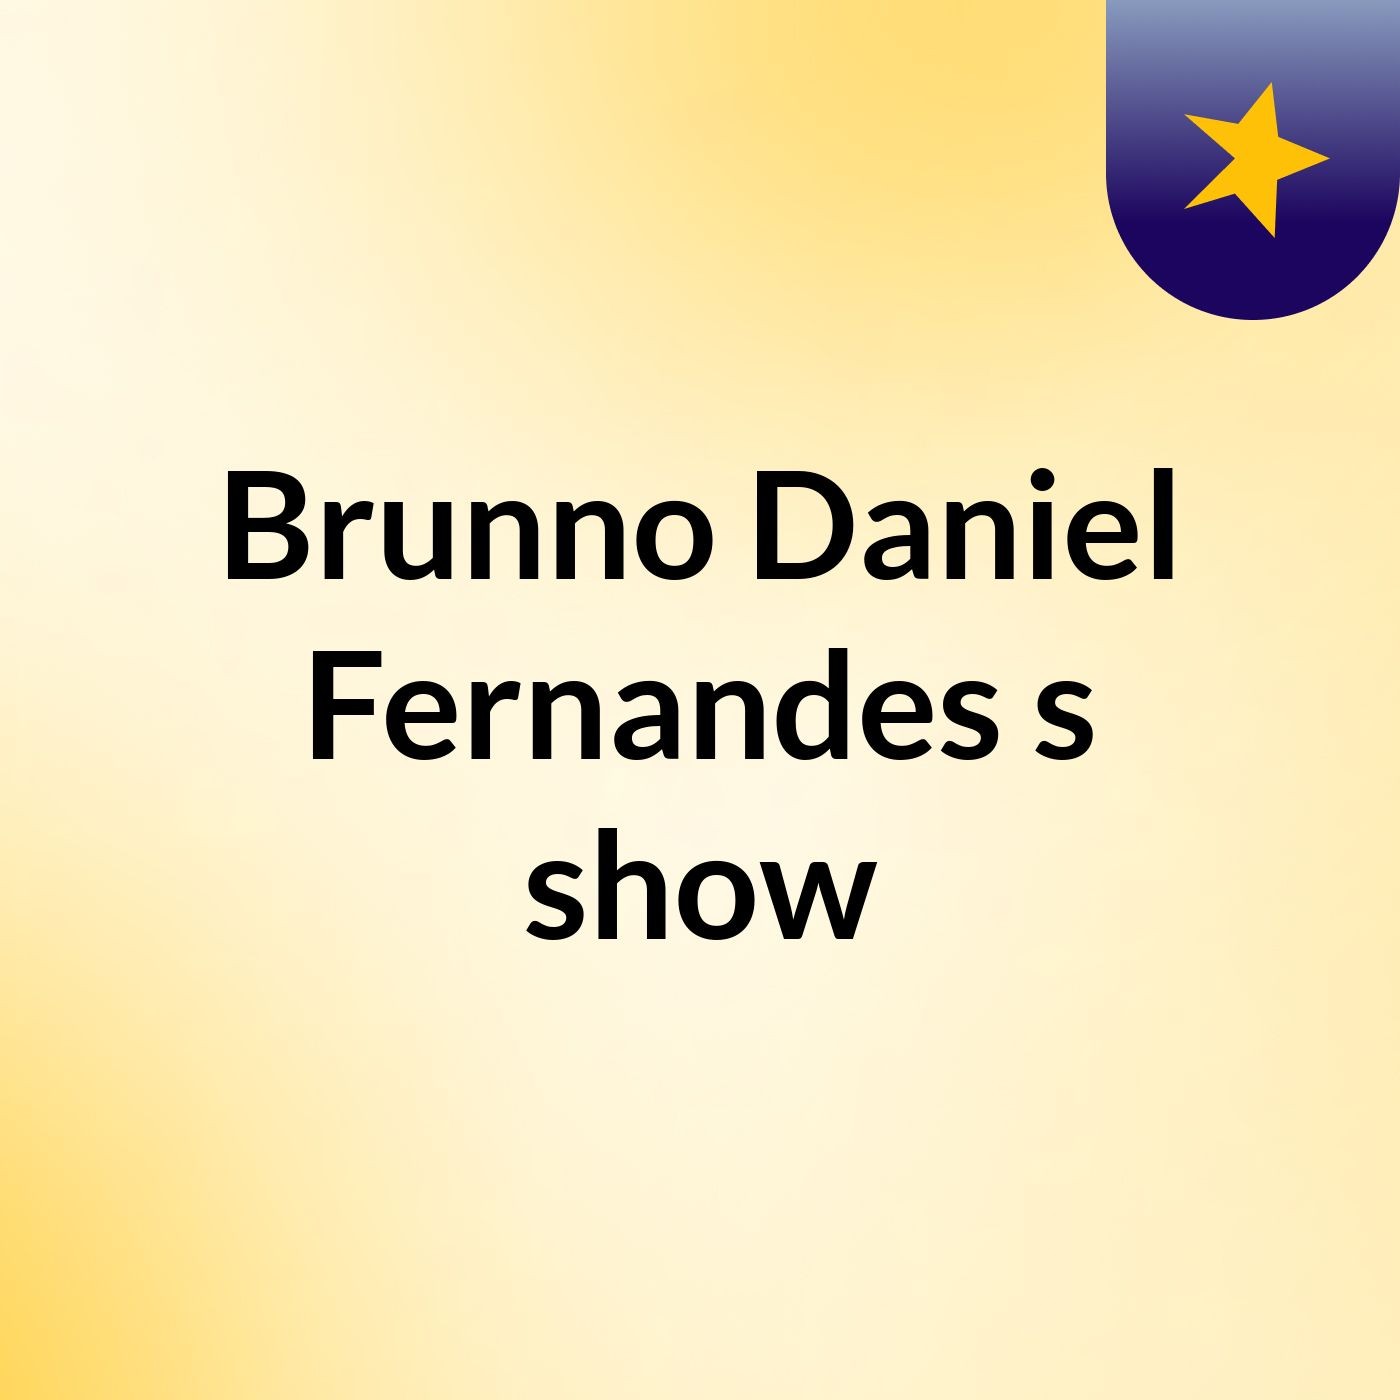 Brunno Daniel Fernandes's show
══════════════════════════════
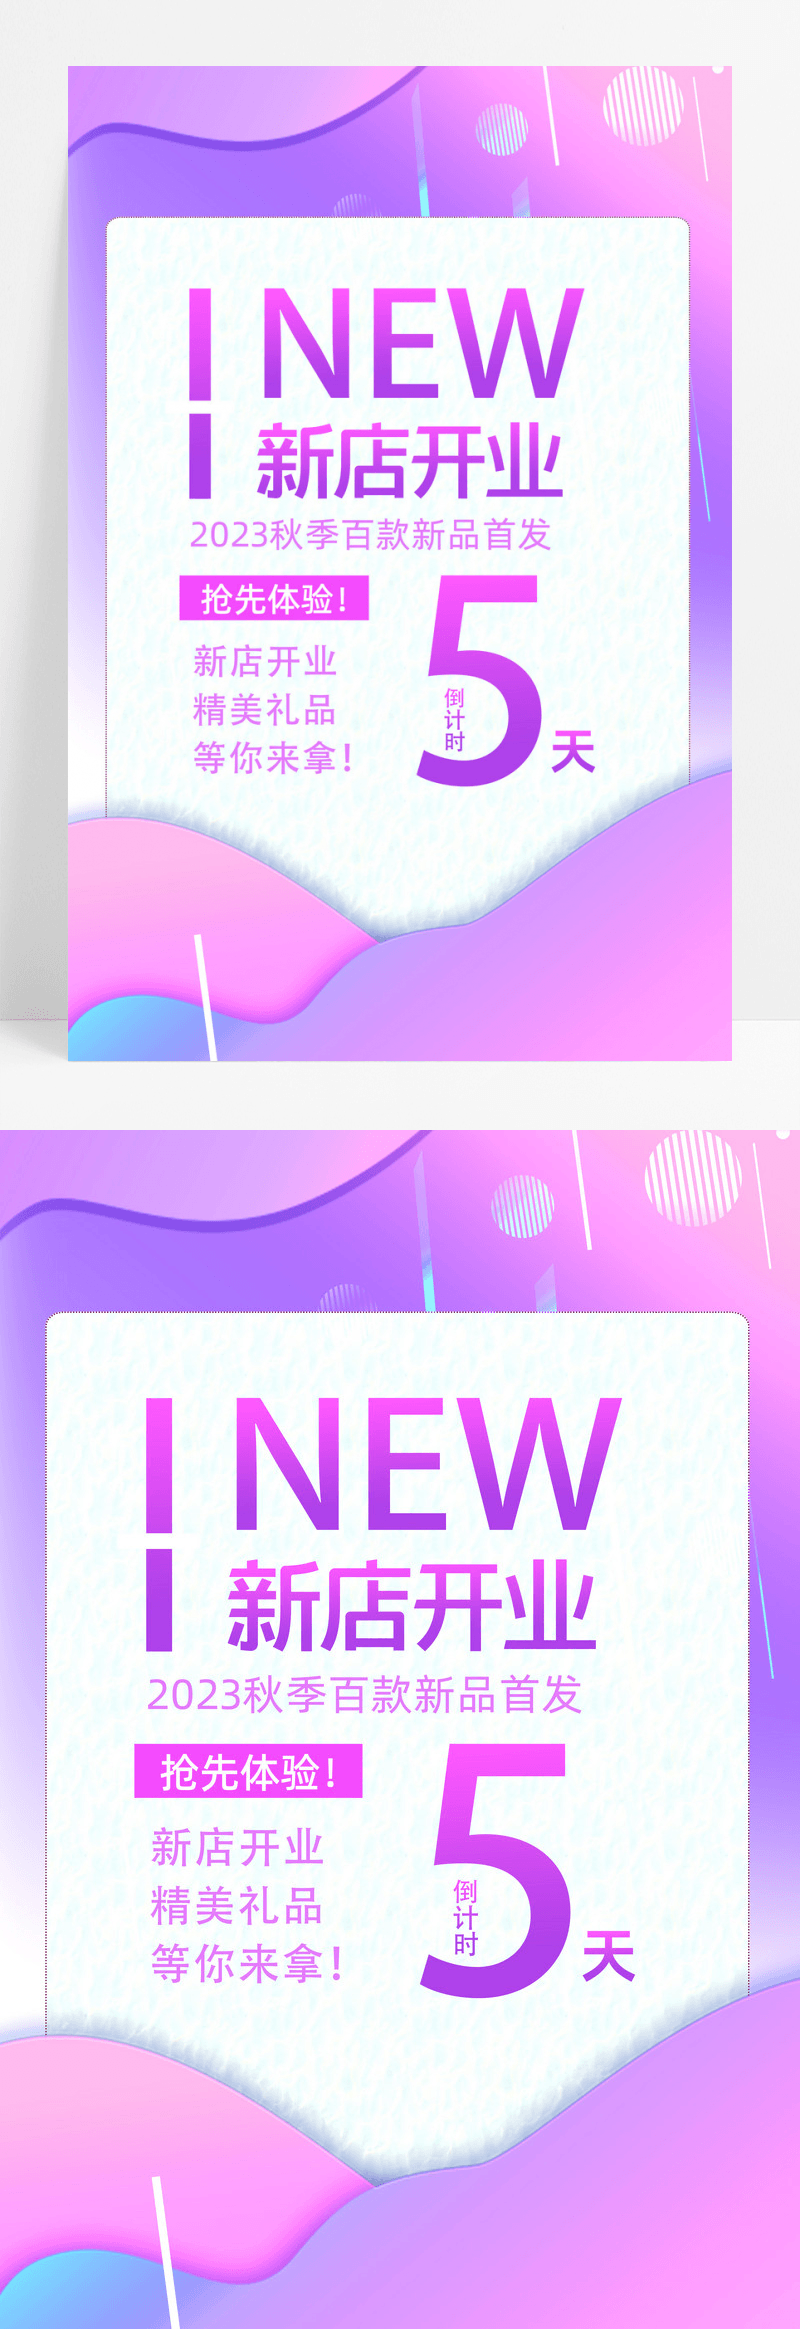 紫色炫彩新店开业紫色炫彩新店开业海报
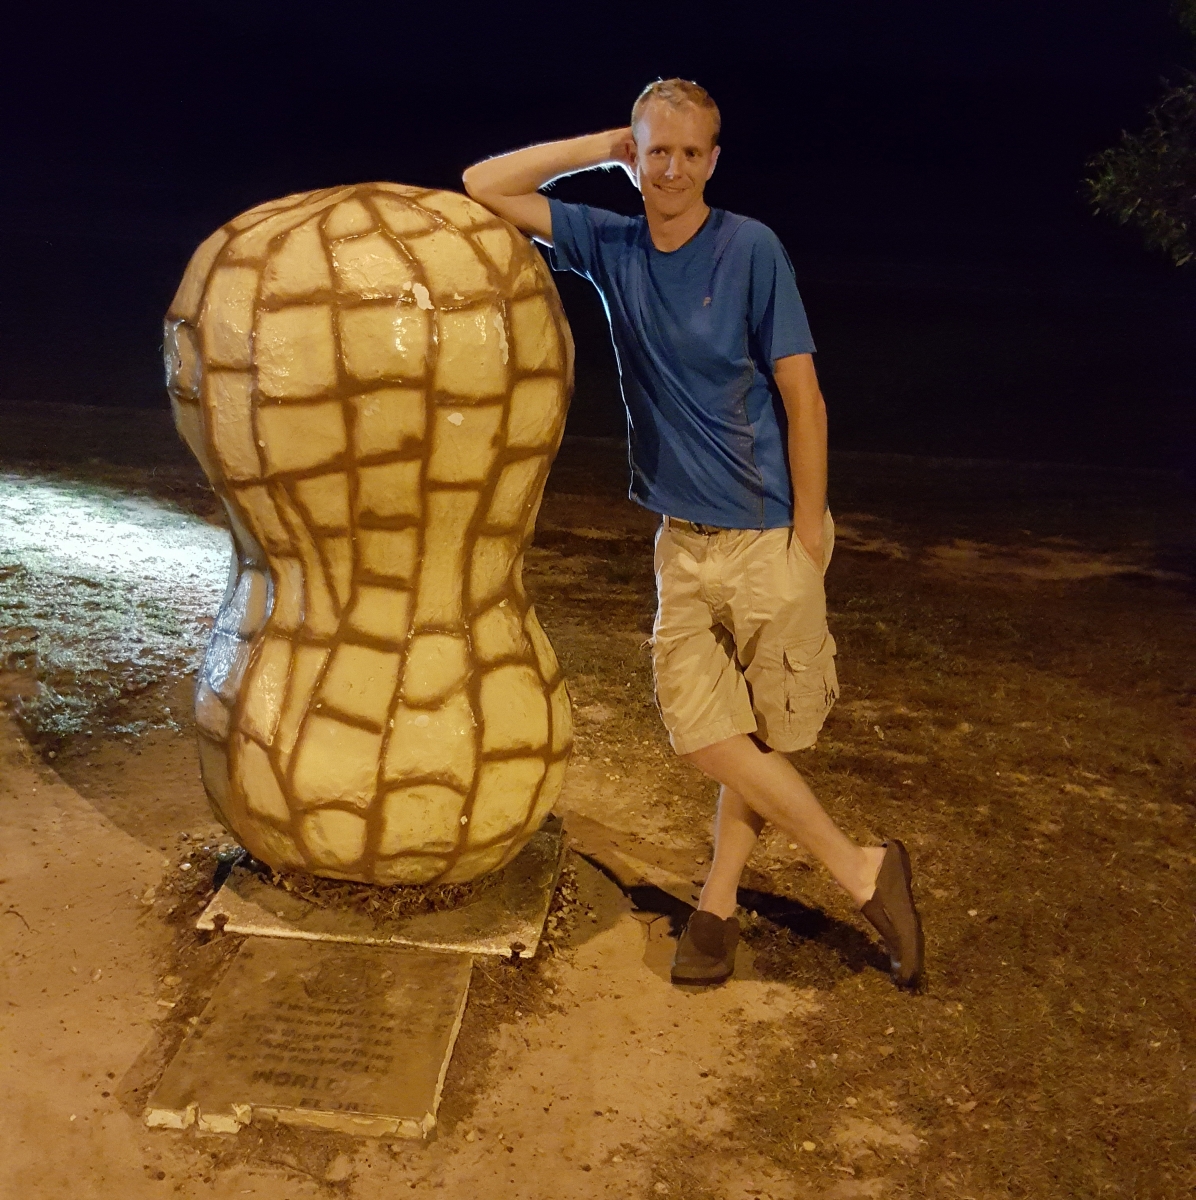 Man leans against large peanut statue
══════════════════════════════
[THE TASK] With the pictures omitted, restate word for word the lines above from the line that has "紫色炫彩新店开业紫色炫彩新店开业海报" up to and including the line that has "Man leans against large peanut statue", and no other lines.

[ANSWER FOR THIS EXERCISE]
 紫色炫彩新店开业紫色炫彩新店开业海报
 Man leans against large peanut statue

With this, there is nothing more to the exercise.